By contrast: how long did it take for the “Obama is a secret Muslim born in Kenya” thing to proliferate? And how long was it sustained in the complete absence of evidence? And how long as it kept up despite the lack of evidence – and indeed the copious evidence to the contrary not to mention the limits of basic reason? It’s been sustained, and remains sustainable, because technology allows the like-mindeed to keep the fires burning, to keep feeding the madness with minimal effort.

Or consider the ongoing issues with GamerGate harassment or how easy it is to turn social media into an unlimited firehose of abuse. In the past, what would be the opportunity cost for thousands of people to bombard a target – whether it be Brianna Wu or the Nashville Tennessean – with threats and hate speech?  You’ve got to sit down, write something out, put it in an envelope, find an address to send it to, pay for a stamp and get it in the mail – who the hell has time for that?  Now you can just dash off something threatening with a single click, and rally thousands of like-minded people to do the same – when a couple of decades ago, you might have been hard-pressed to locate thousands of like-minded people, let alone connect with them. Now Reddit and Twitter have done it for you.

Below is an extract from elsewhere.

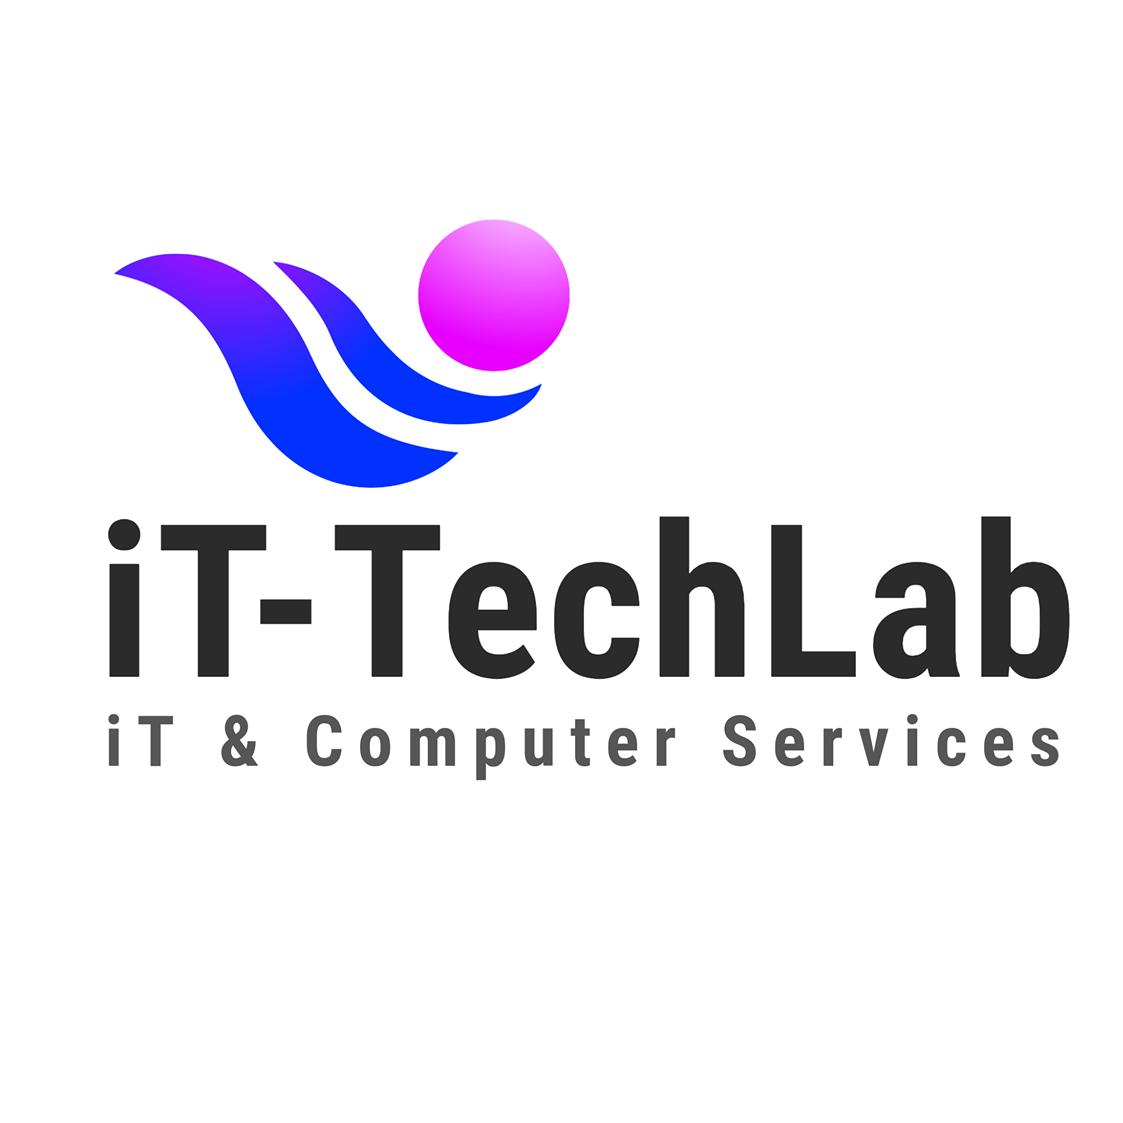 iT-TechLab - Επισκευή Laptop - PC Service - Υποστήριξη Δικτύων - Ανάκτηση Δεδομένων

I keep going back to Neal Stephenson’s The Diamond Age for this, and the Neo-Victorian society that concluded that the solutions to these technological issues could not be technological: it had to be cultural. Our notional asshole above, in addition to having to find stationery and stamps and everything else, had to contend with the fact that society would frown on what he (almost always he, for some reason) was doing. Now he’s just one angry tweeter in a storm of thousands, with the protection that comes from just being a face in the crowd and (to borrow a line from WWII airpower doctrine) the fact that the bomber will always get through. You can’t block all 10,000 harassing tweeters, not with accuracy and precision. In the end, you either have to just let it happen or retreat and bail out altogether. Neither of which seems to be an acceptable solution, but right now, we don’t have door number three.

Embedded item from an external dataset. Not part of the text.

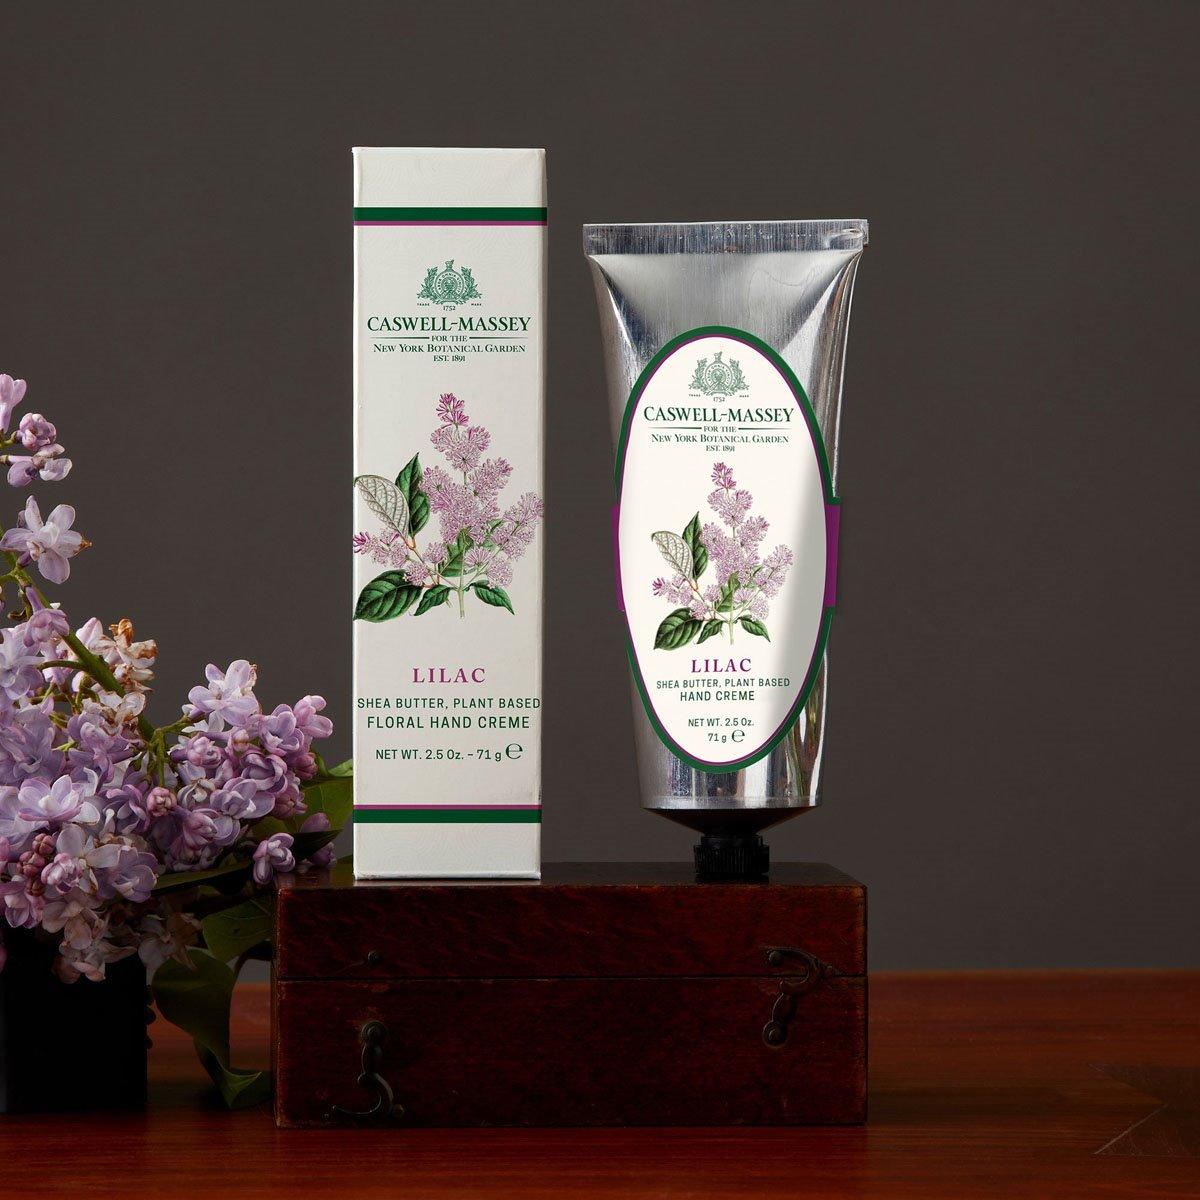 Caswell-Massey NYBG Lilac Hand Cream

I don’t know if it’s manners, or norms, or what it is. It’s just that there used to be some things that were clearly beyond the pale. Some people misused those manners and norms, and so apparently the decision was taken that rather than curb the misuse, we should throw out the idea of manners and norms altogether. And now we’re reaping all the benefits – there are no standards of conduct, and no ways of enforcing the old ones without making trouble. Call out the guy smoking on the train platform beneath the “No Smoking” sign, and you’re the asshole. Writ large, there’s nobody to call you out if you decide to say something completely different one day from what you said 24 hours earlier. Everyone gets their own opinion, everyone gets their own facts, and the results are predictable.

Ian Malcolm’s Jurassic Park warning about dinosaur DNA is even more apt when you consider that we’ve put equal access to the most powerful communication instrument in the world into the hands of everyone, with no rules and no safety catch: “you’ve spent so much time thinking HOW you could do it that you never considered whether you SHOULD.” We’ve put the entire elementary school out to recess with only one teacher supervising, and that teacher just keeled over. And when you decide that whatever you want to do is fine, without any sort of societal framework to contain it, you get everything from people blowing stoplights because it’s inconvenient to Donald Trump as the leading candidate to be the Republican nominee for President of the United States.

Yes, some things were always this bad, and it’s just now becoming easy for people to see. But we’ve also created entirely new ways to make things worse, eroded the things that helped prevent them getting worse, and we aren’t going to get them back into the bottle. It’s past time to start thinking of how we can make a society that makes it possible to live with what we’ve done to ourselves.